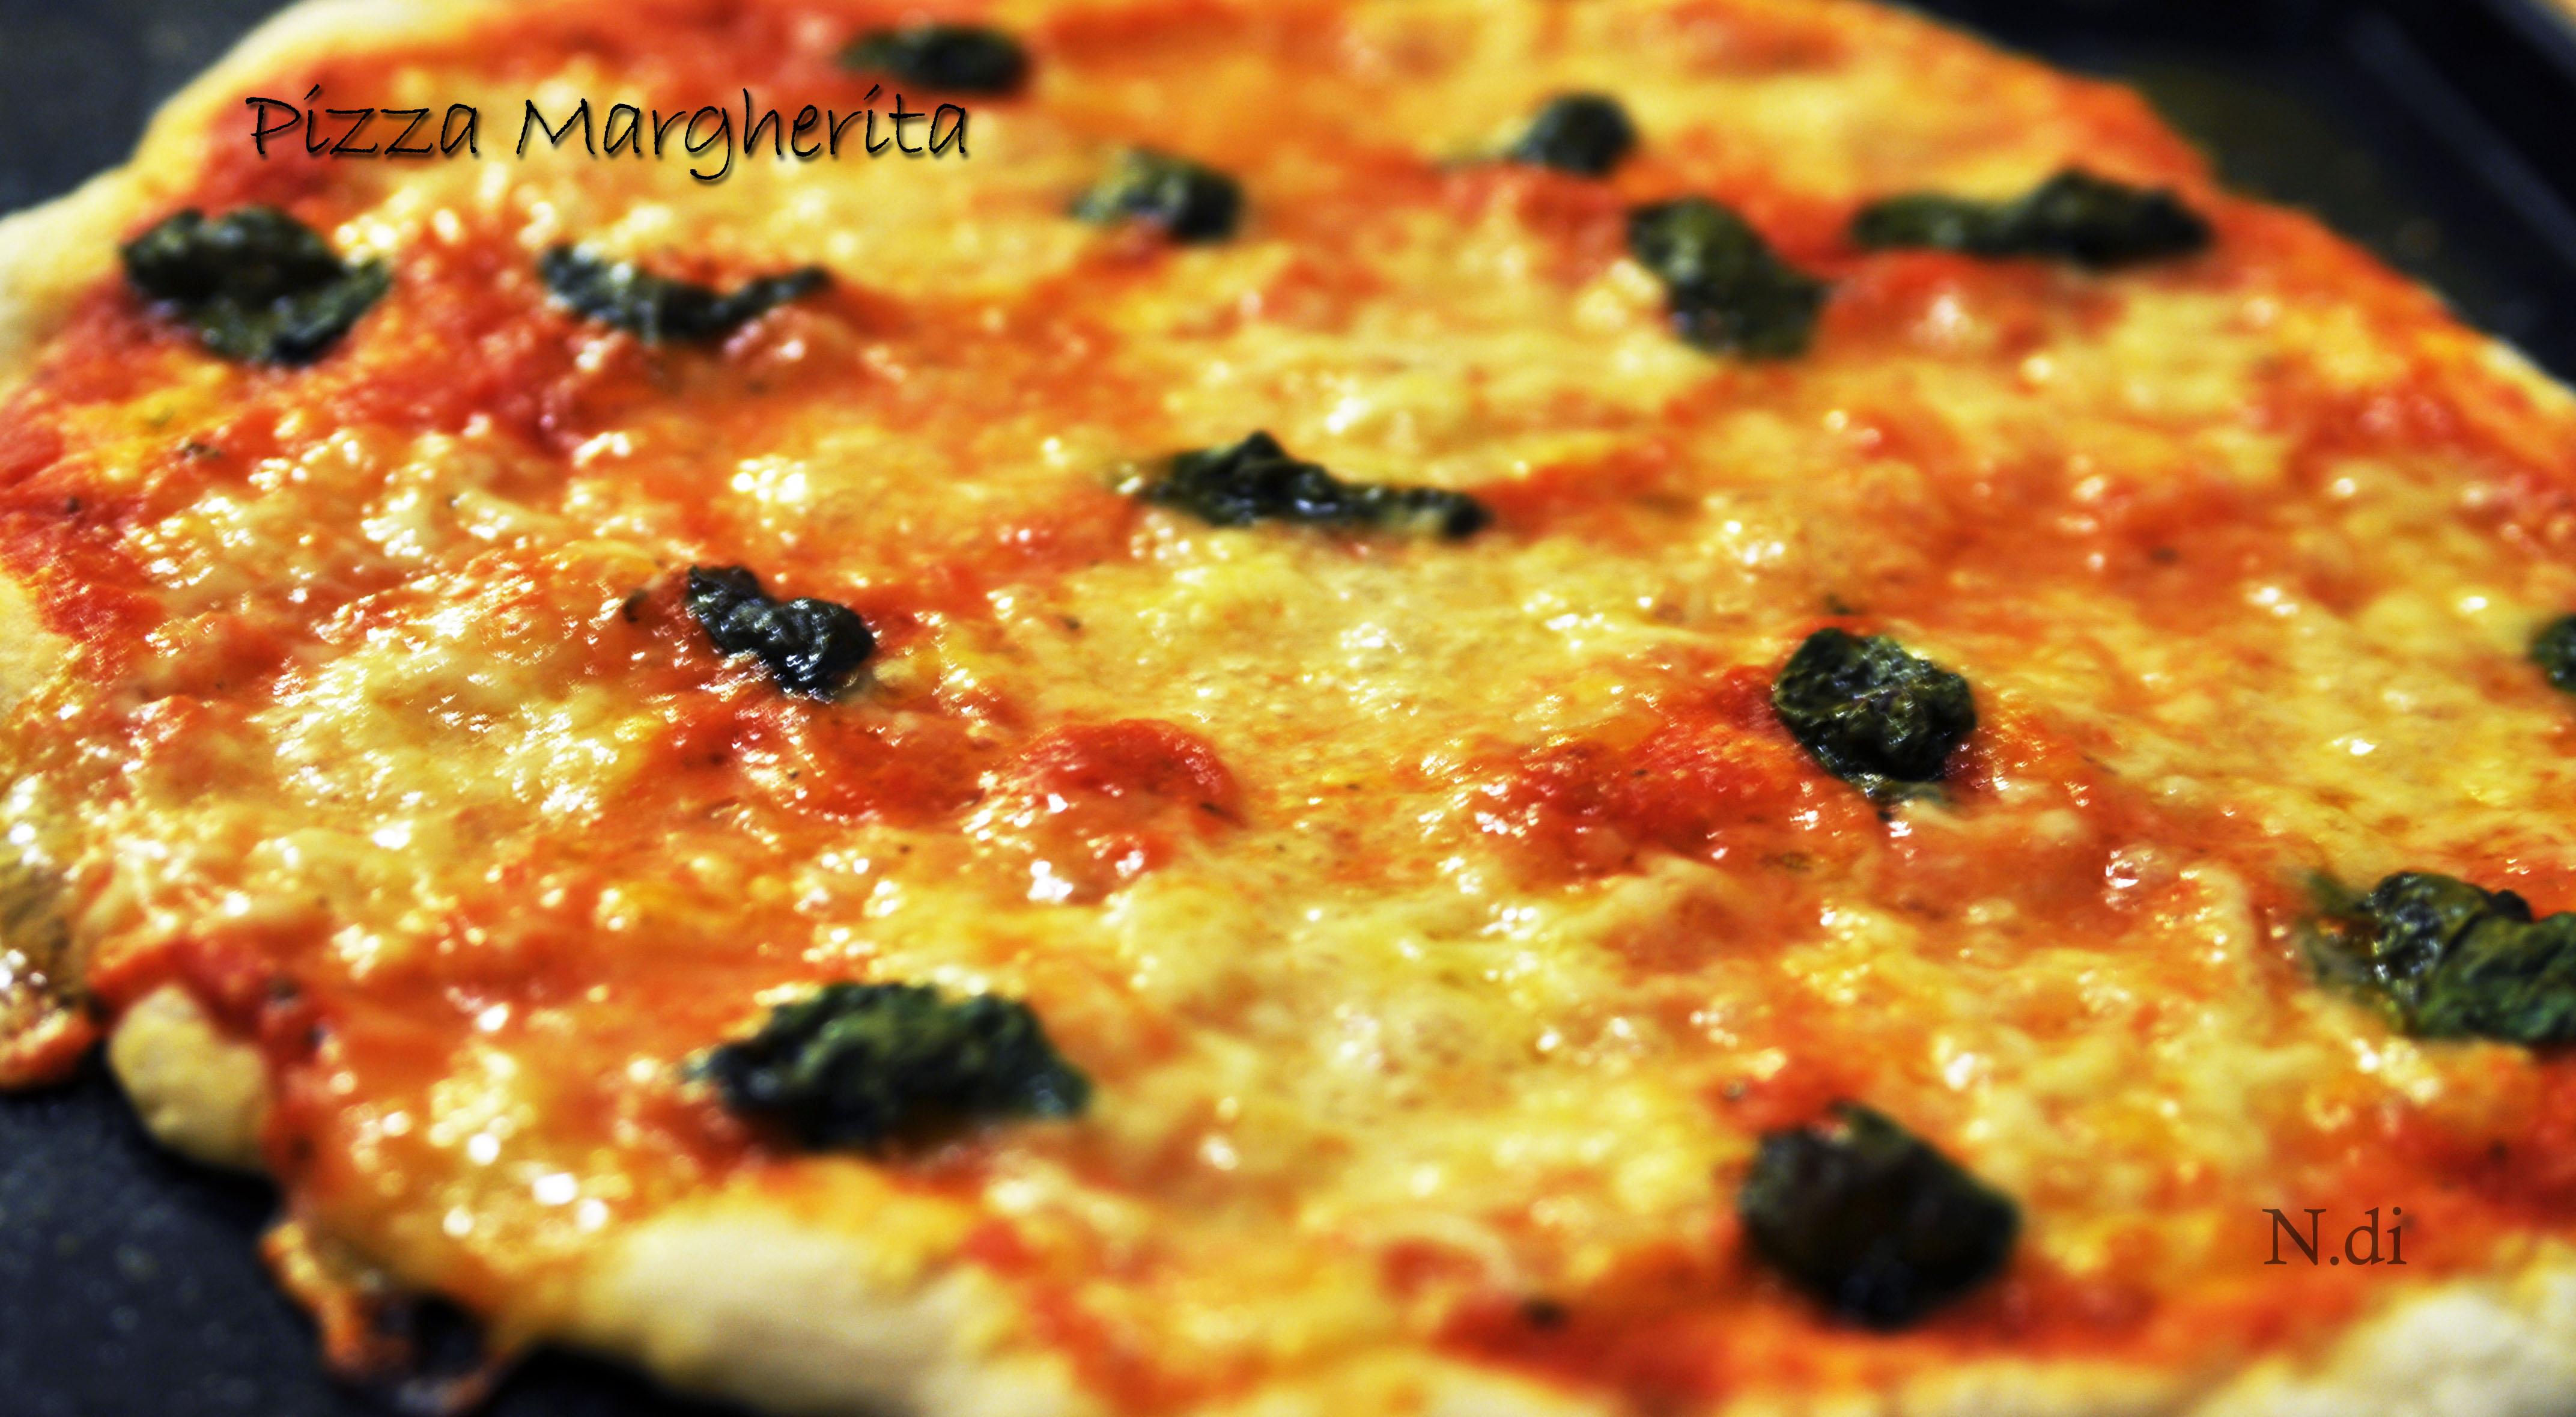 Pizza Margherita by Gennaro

────────

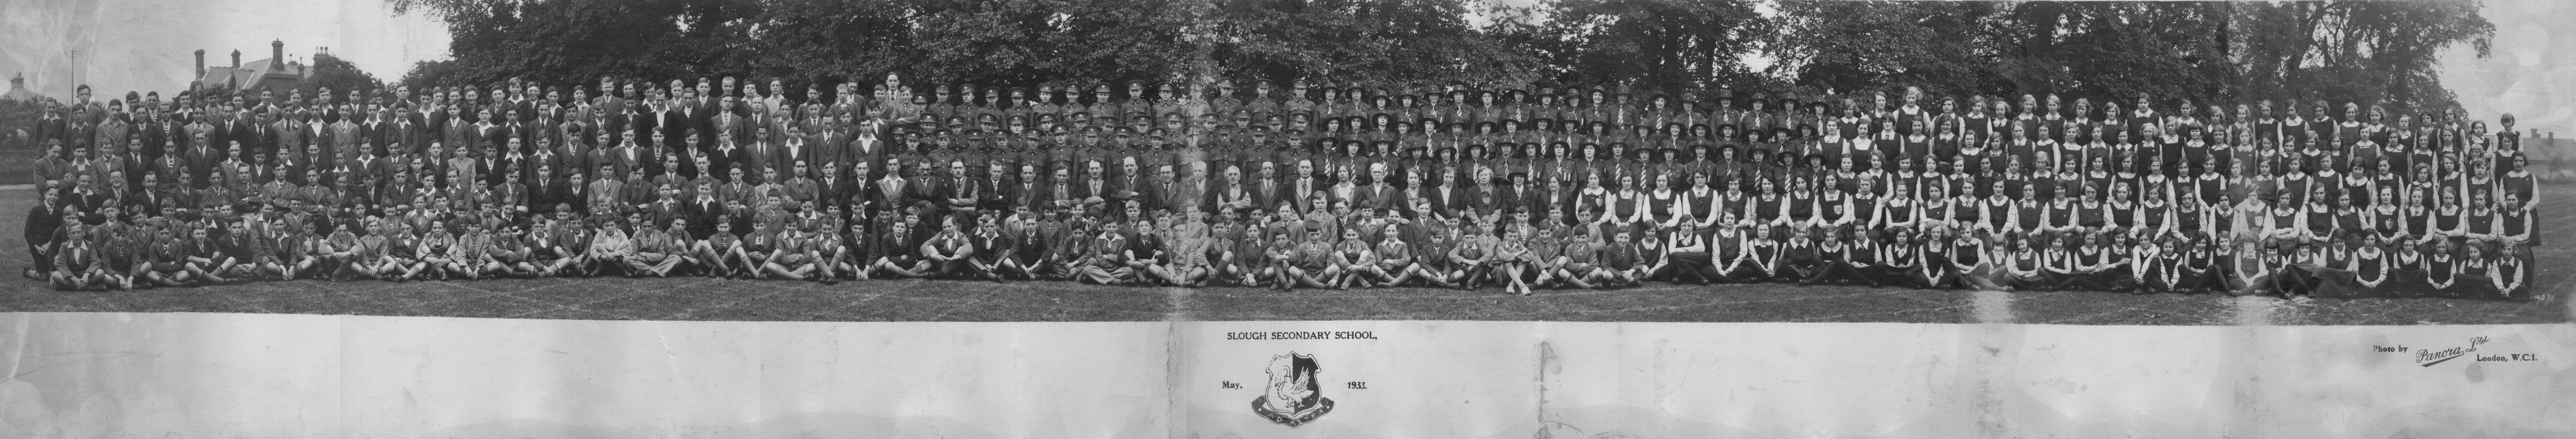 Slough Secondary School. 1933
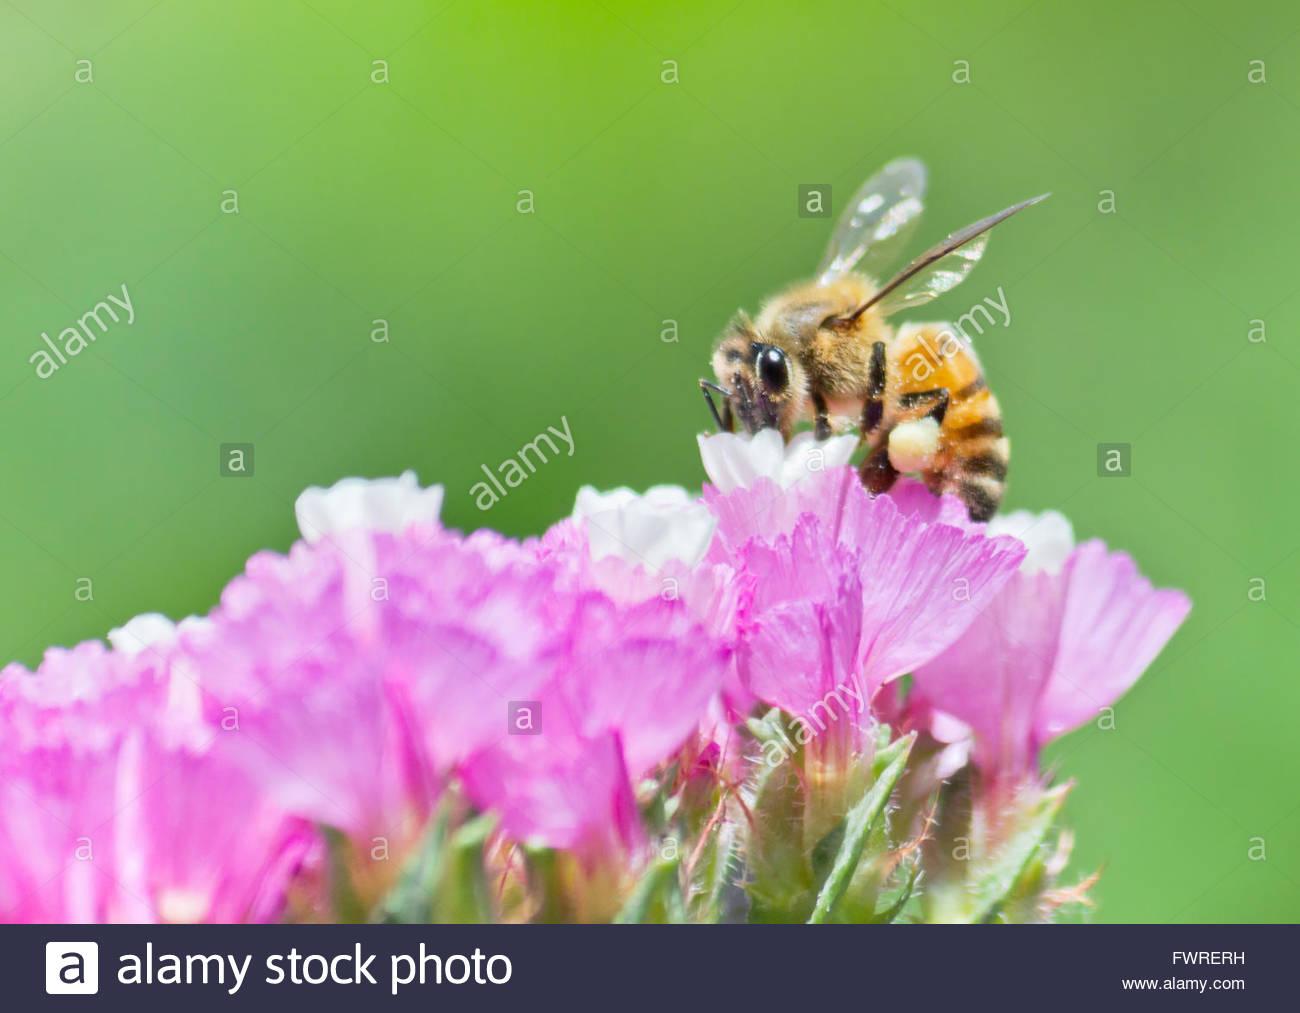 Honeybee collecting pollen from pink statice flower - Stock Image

────────

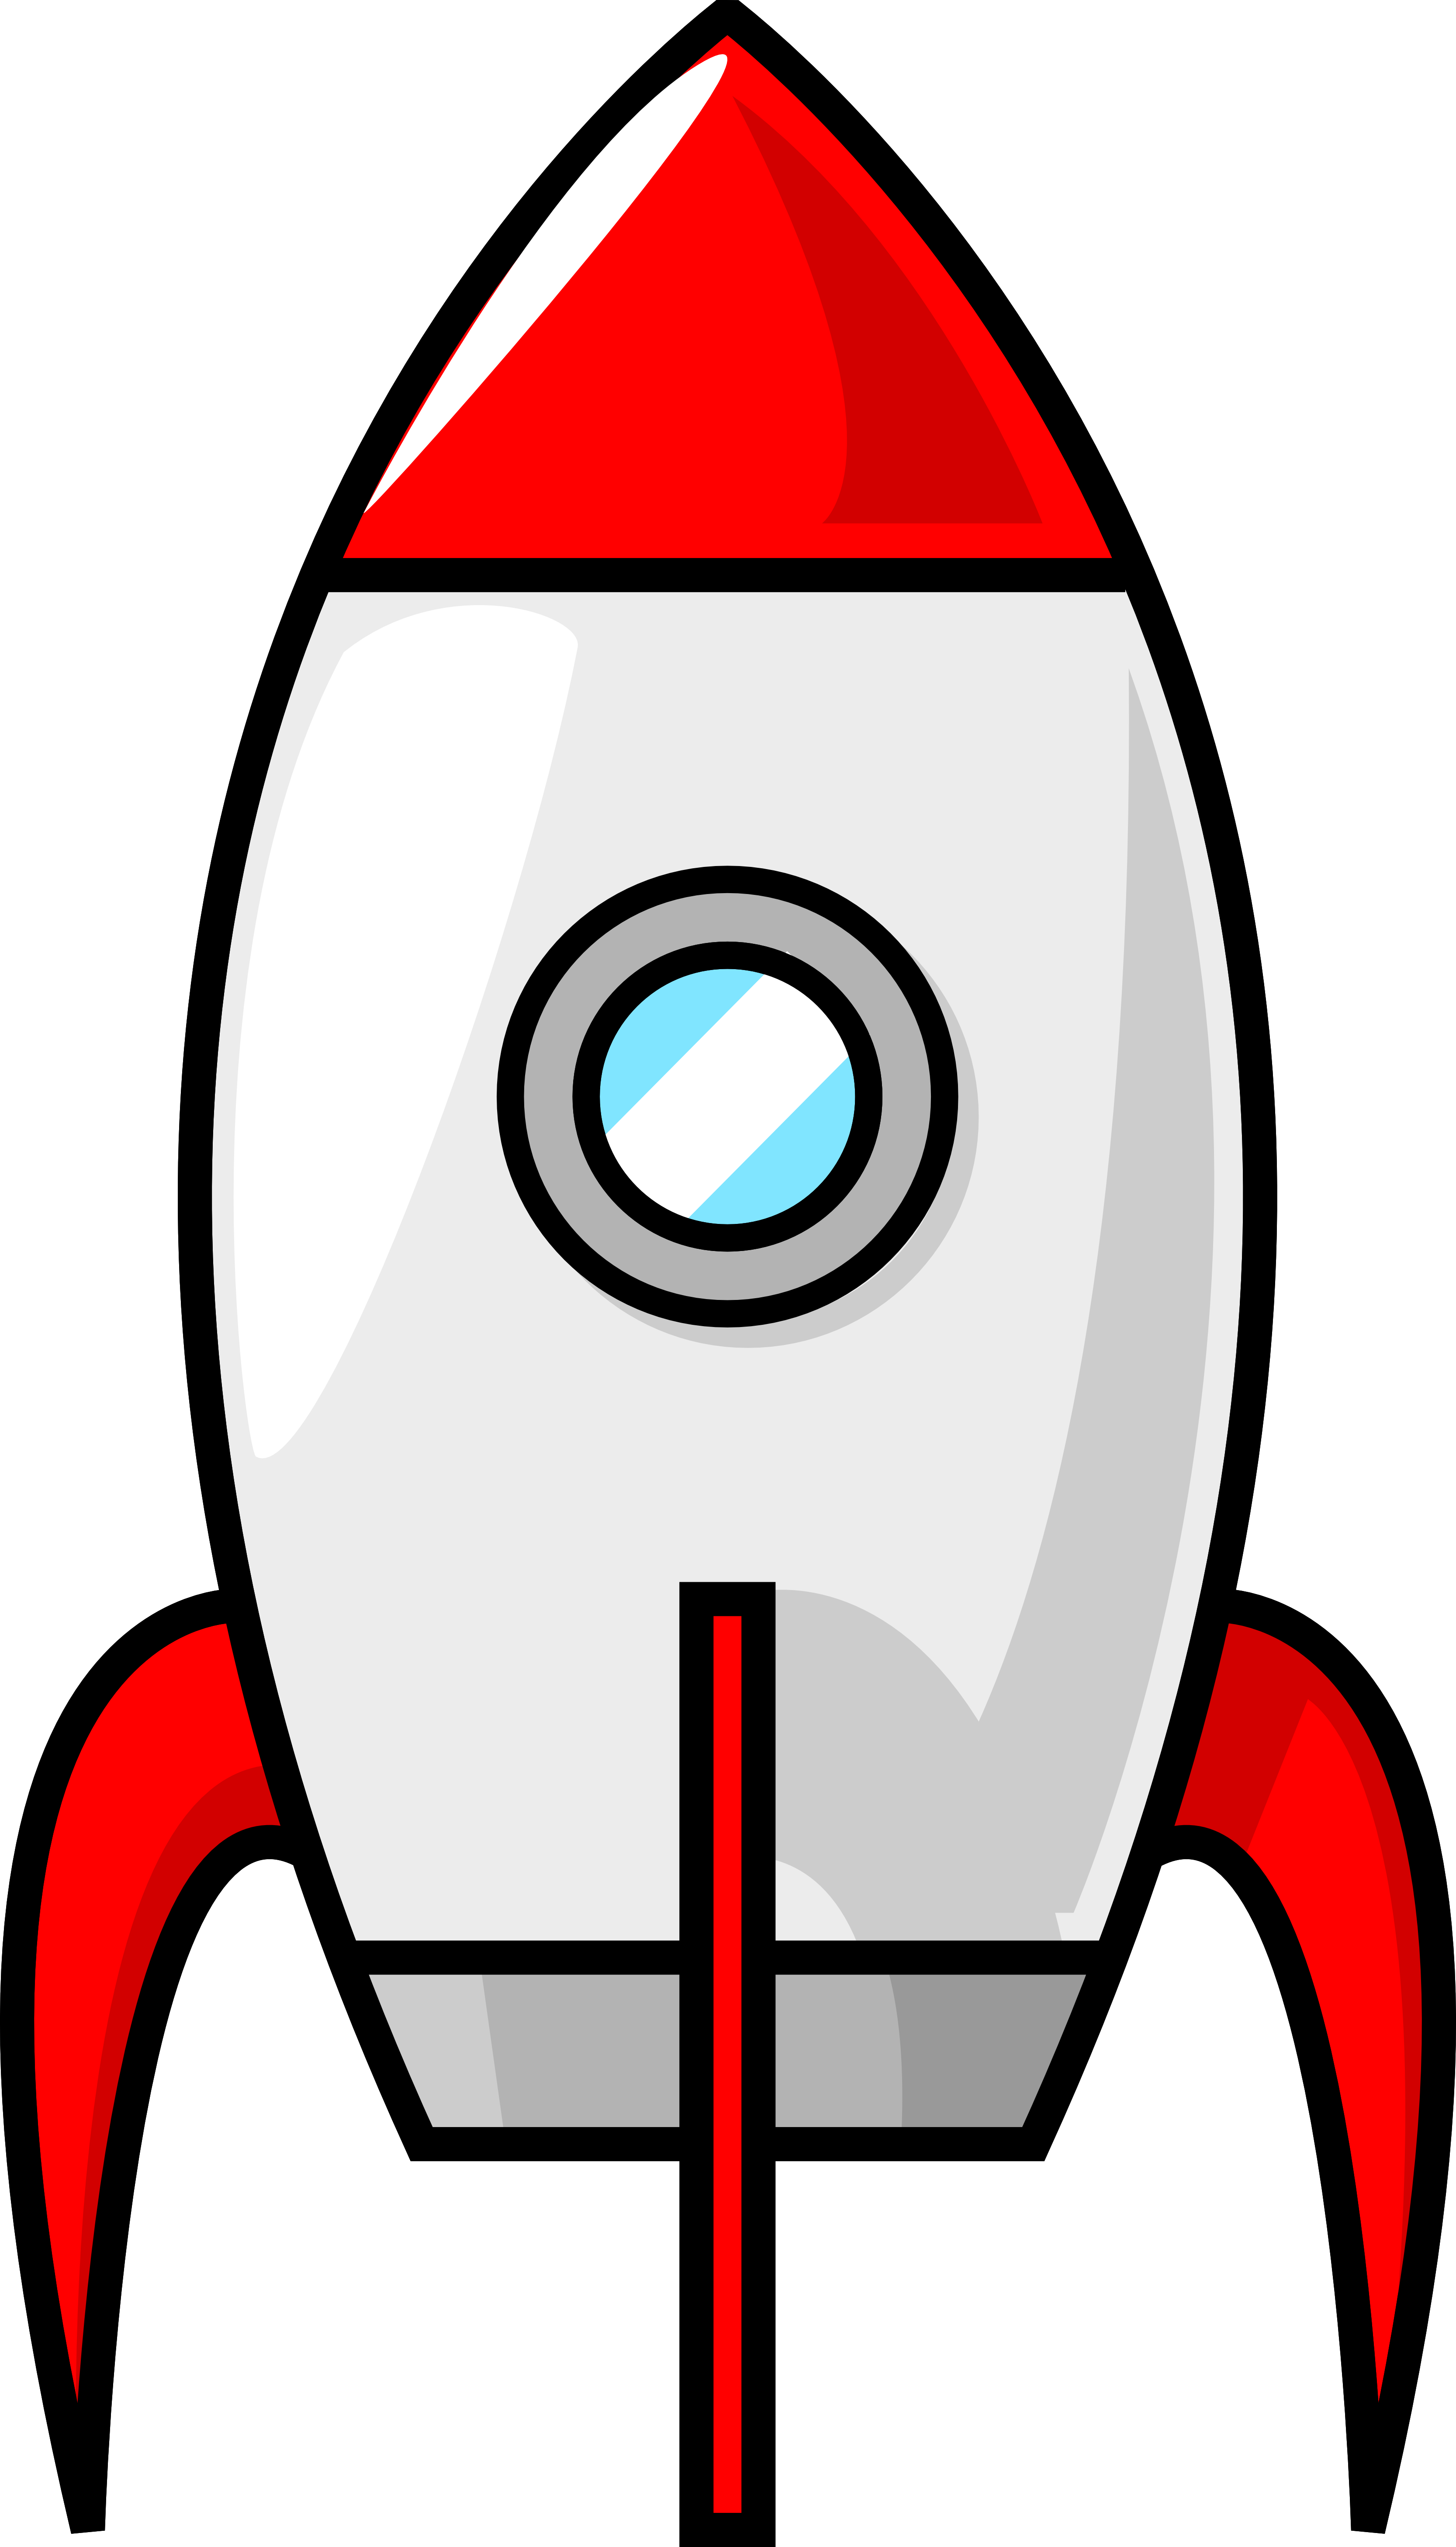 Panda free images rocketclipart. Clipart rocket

────────

# EXERCISE
Copy only the lines above from the one containing "Slough Secondary School. 1933" through the one containing "Honeybee collecting pollen", both included. Leave out the pictures.

# RESPONSE AREA
 Slough Secondary School. 1933
 Honeybee collecting pollen from pink statice flower - Stock Image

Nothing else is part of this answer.